→ PROVIDED DATA:
━━━━━━━━━━━━━━━━━━━━━━━━━━━━━━

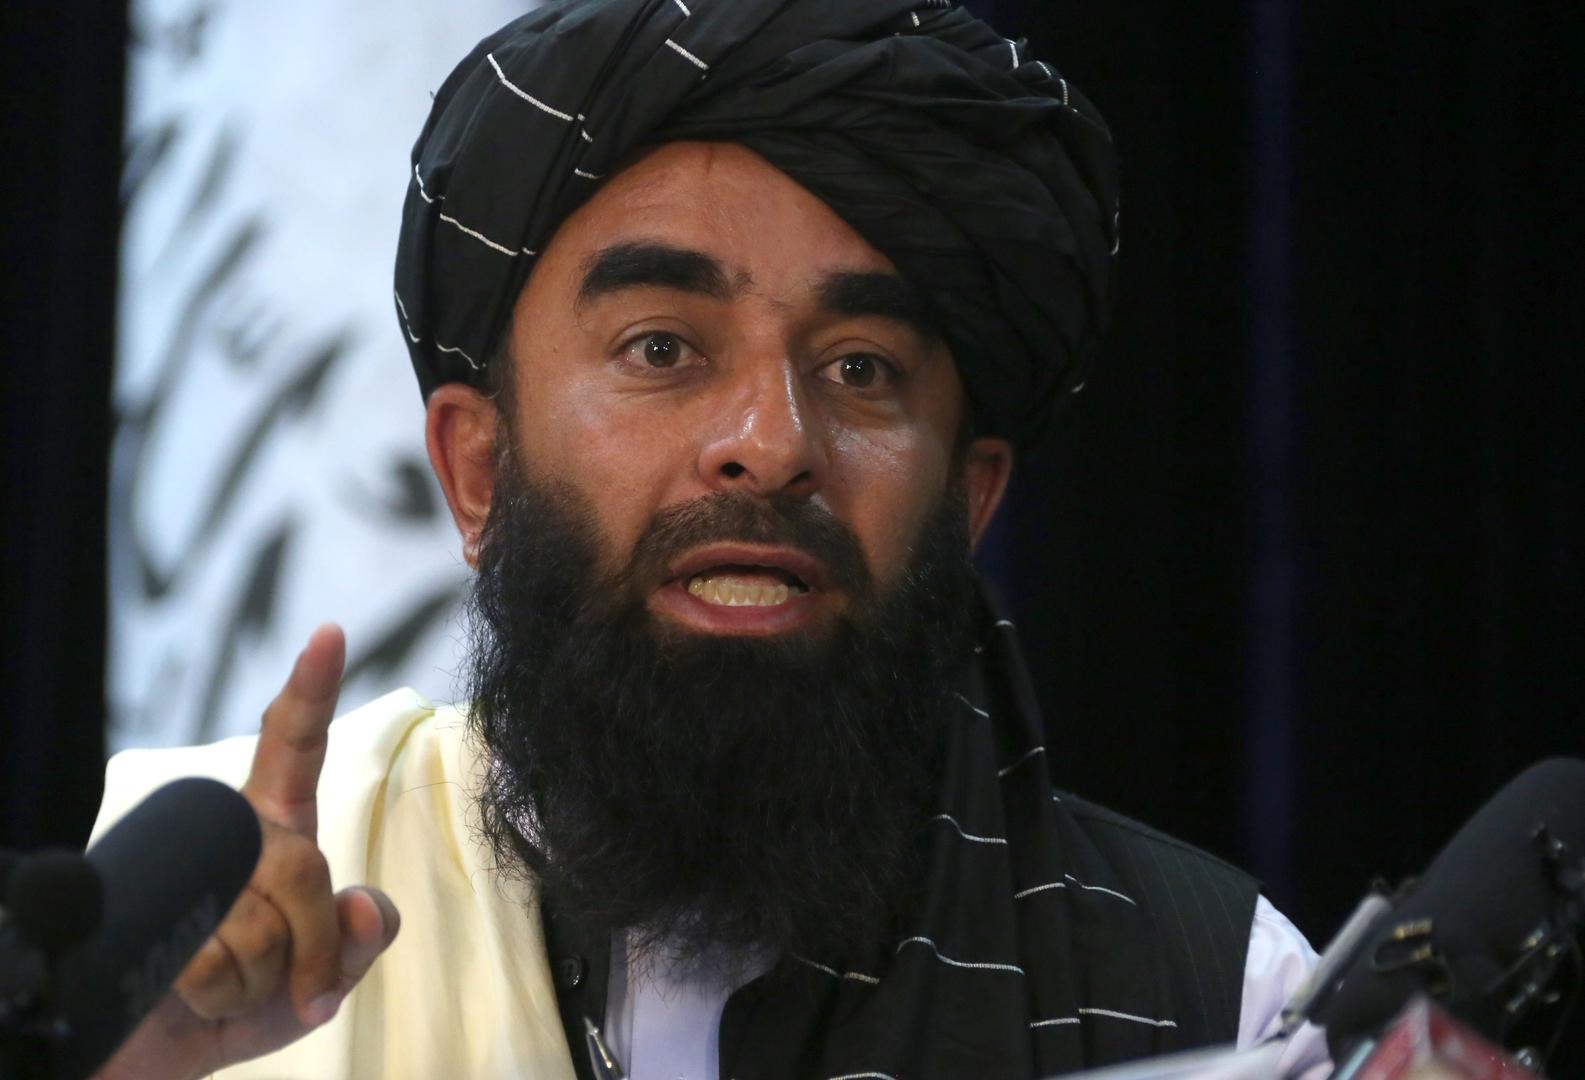 طالبان: نجري مفاوضات مع روسيا بشأن الاعتراف بحكومتنا
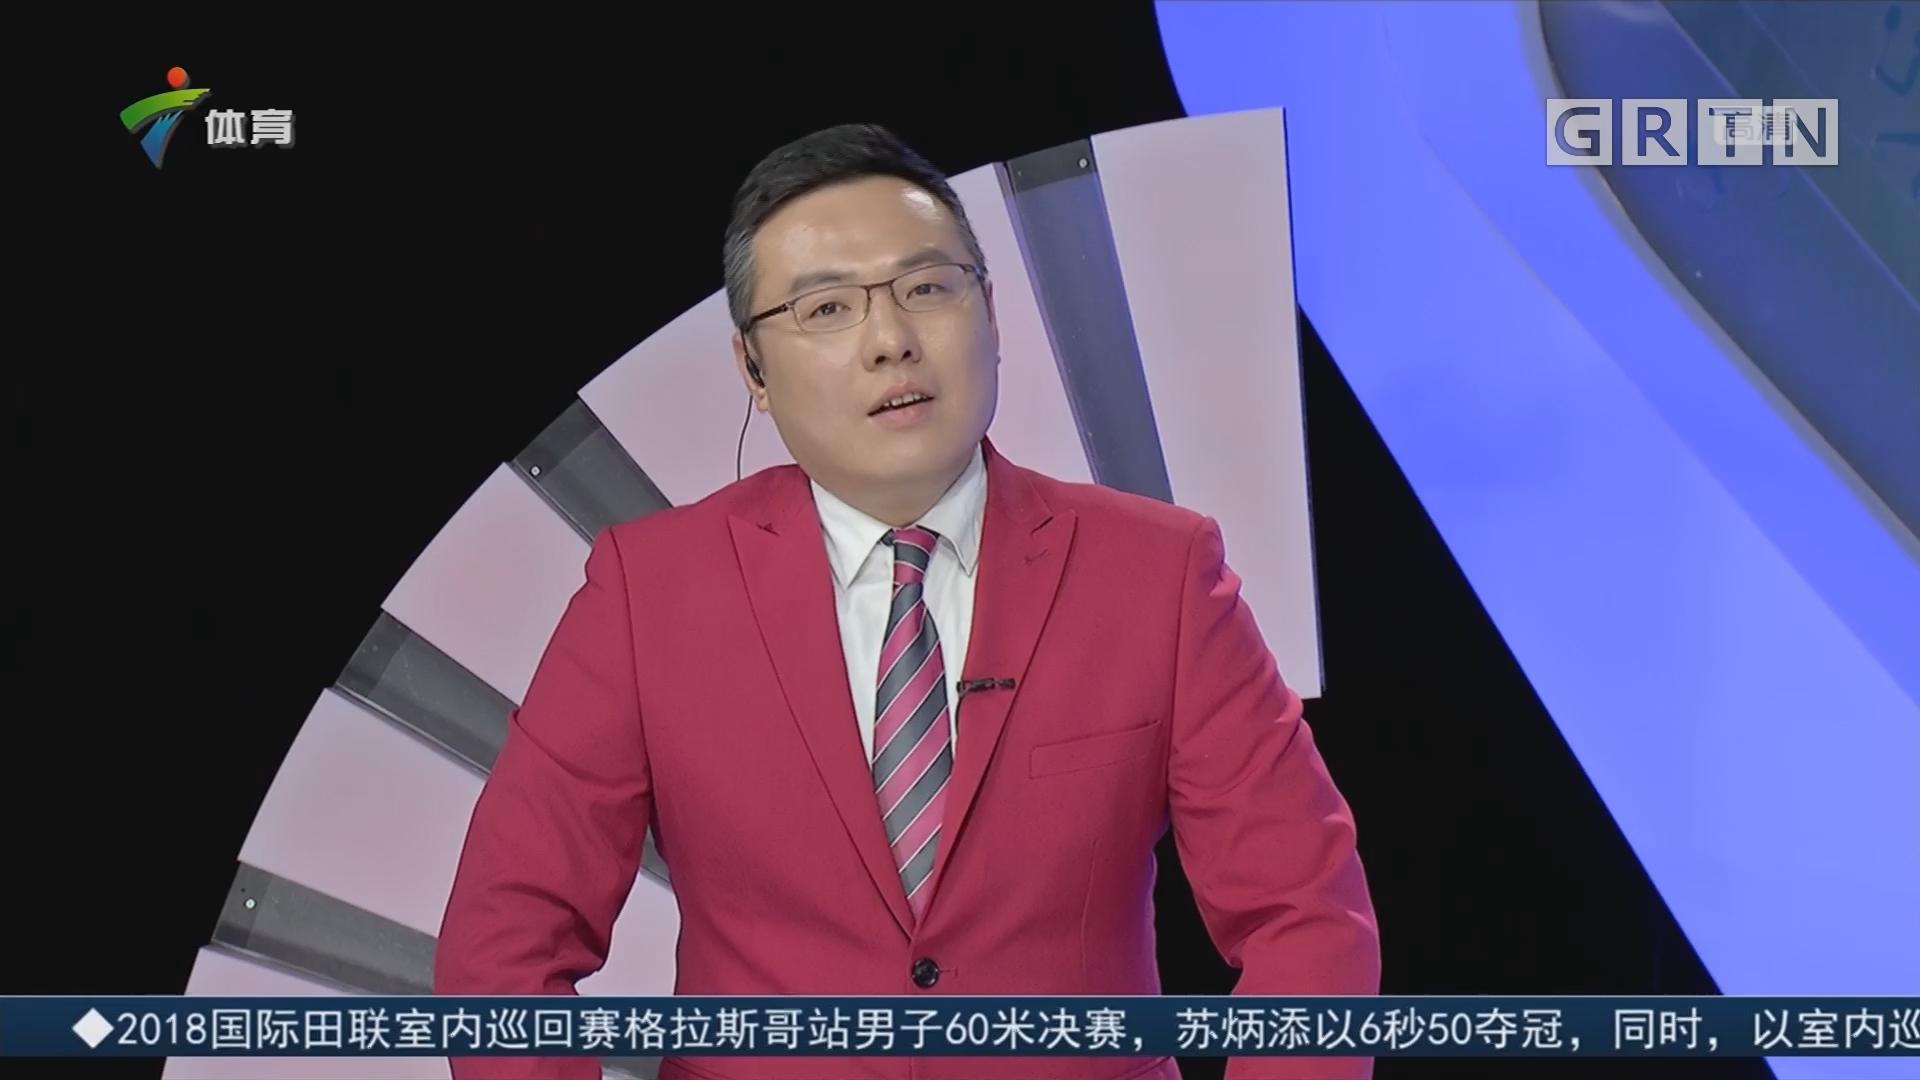 广东体育频道足球评述员周维嘉:谁将为广州恒大站好最后一班岗
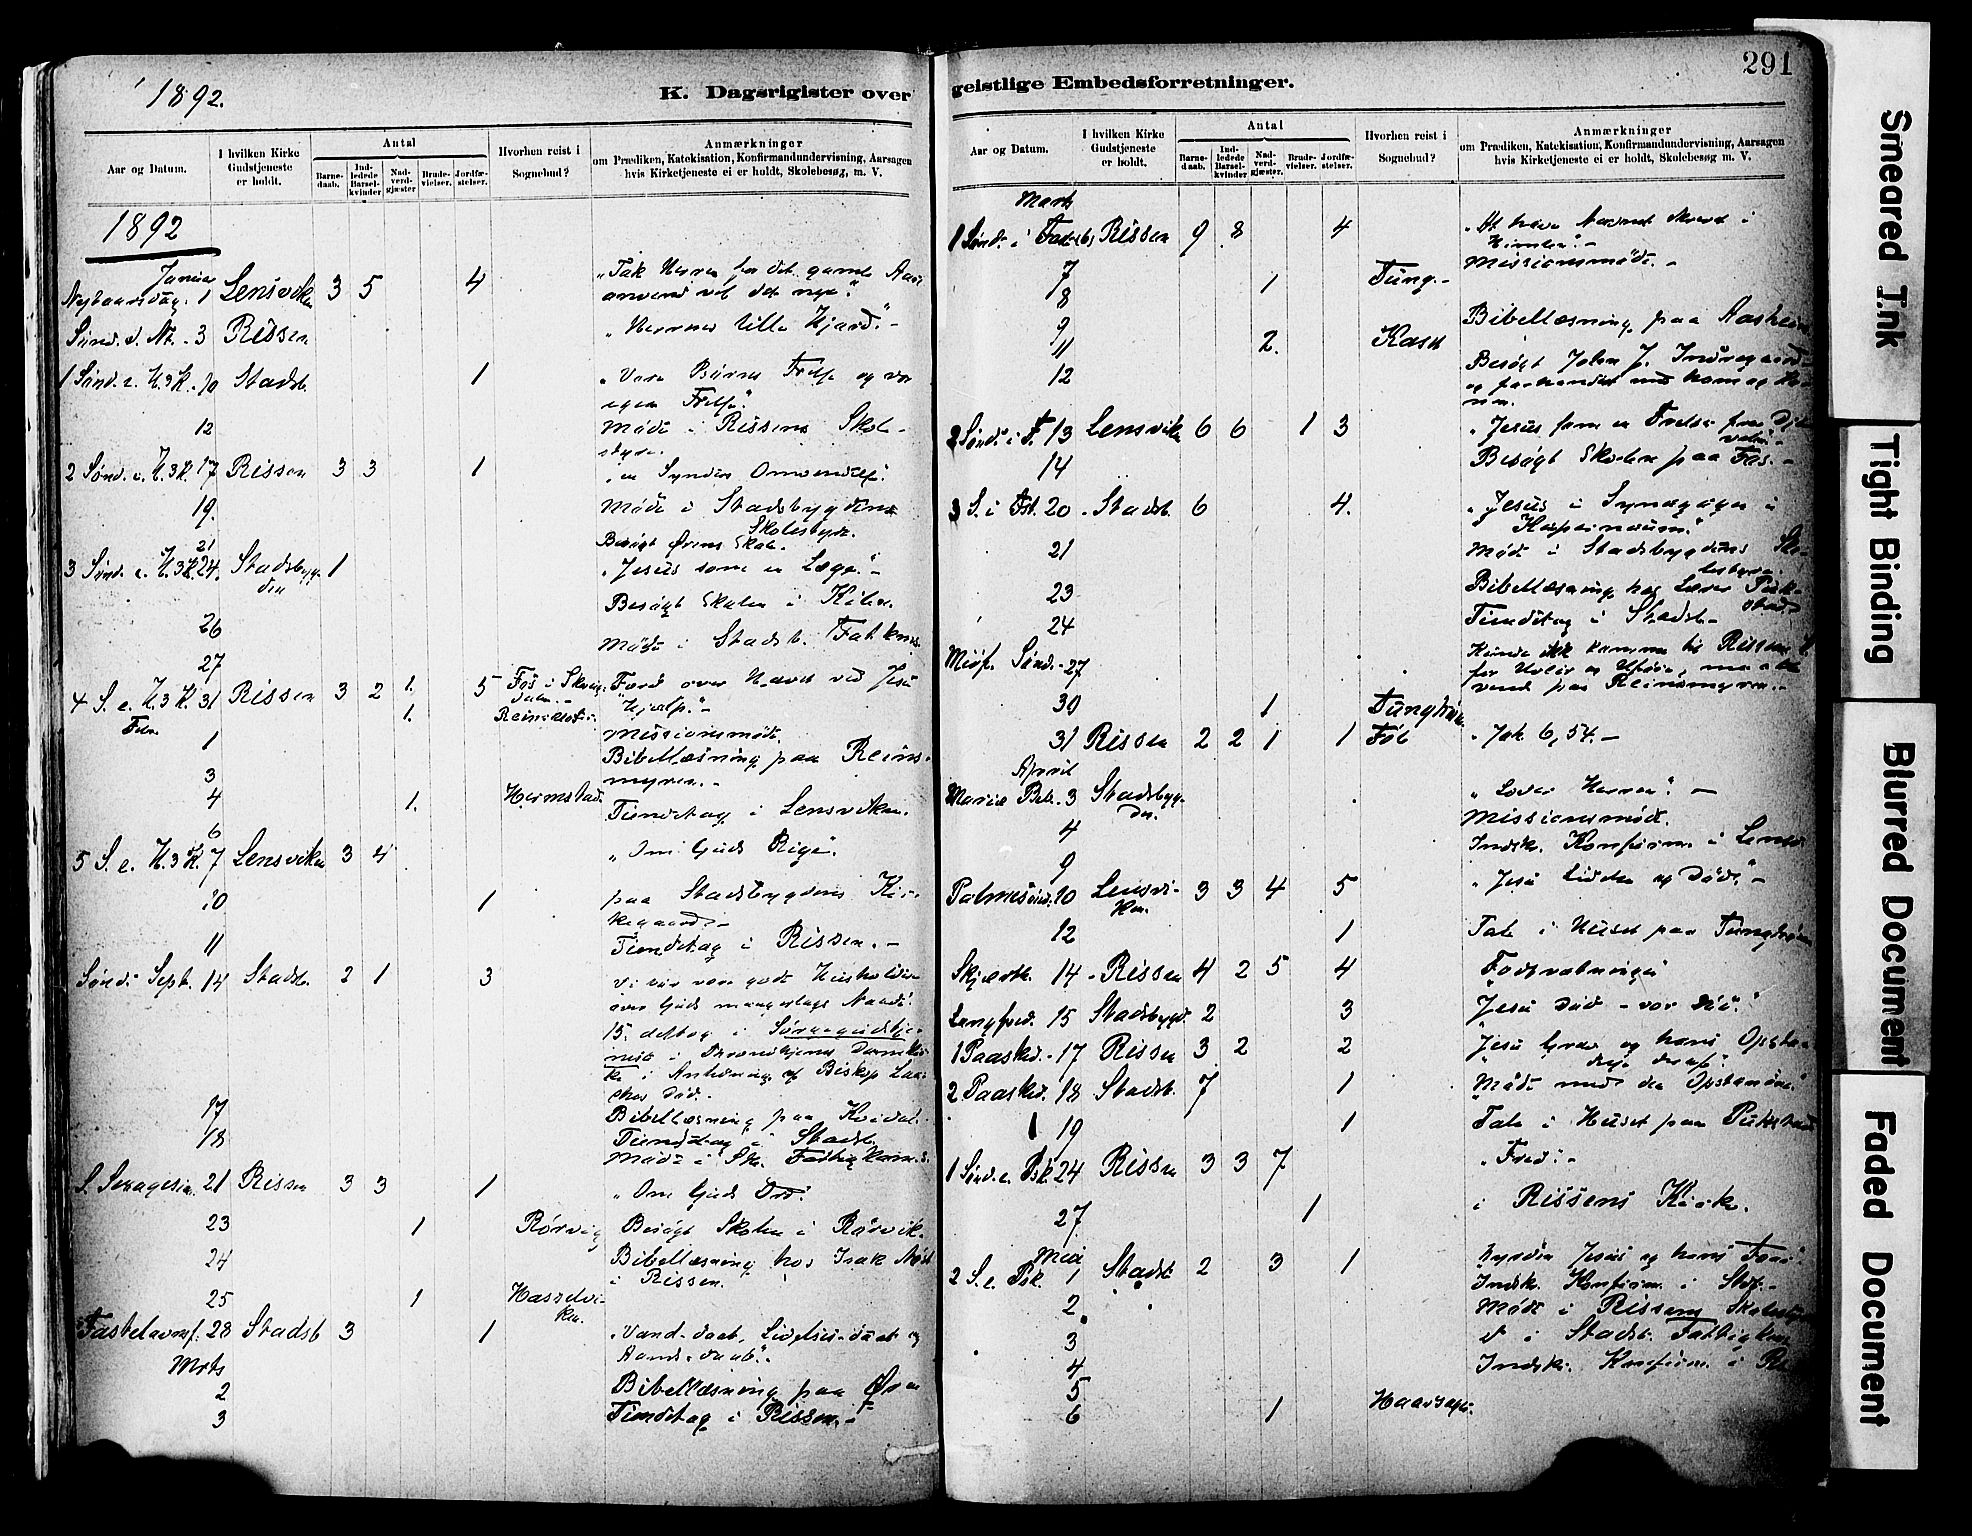 SAT, Ministerialprotokoller, klokkerbøker og fødselsregistre - Sør-Trøndelag, 646/L0615: Ministerialbok nr. 646A13, 1885-1900, s. 291

━━━━━━━━━━━━━━━━━━━━━━━━━━━━━━

→ ABOUT THIS TASK:
Set down the data exactly as it appears, without any images.

→ REPLY:
 طالبان: نجري مفاوضات مع روسيا بشأن الاعتراف بحكومتنا
 广东体育频道足球评述员周维嘉:谁将为广州恒大站好最后一班岗
 SAT, Ministerialprotokoller, klokkerbøker og fødselsregistre - Sør-Trøndelag, 646/L0615: Ministerialbok nr. 646A13, 1885-1900, s. 291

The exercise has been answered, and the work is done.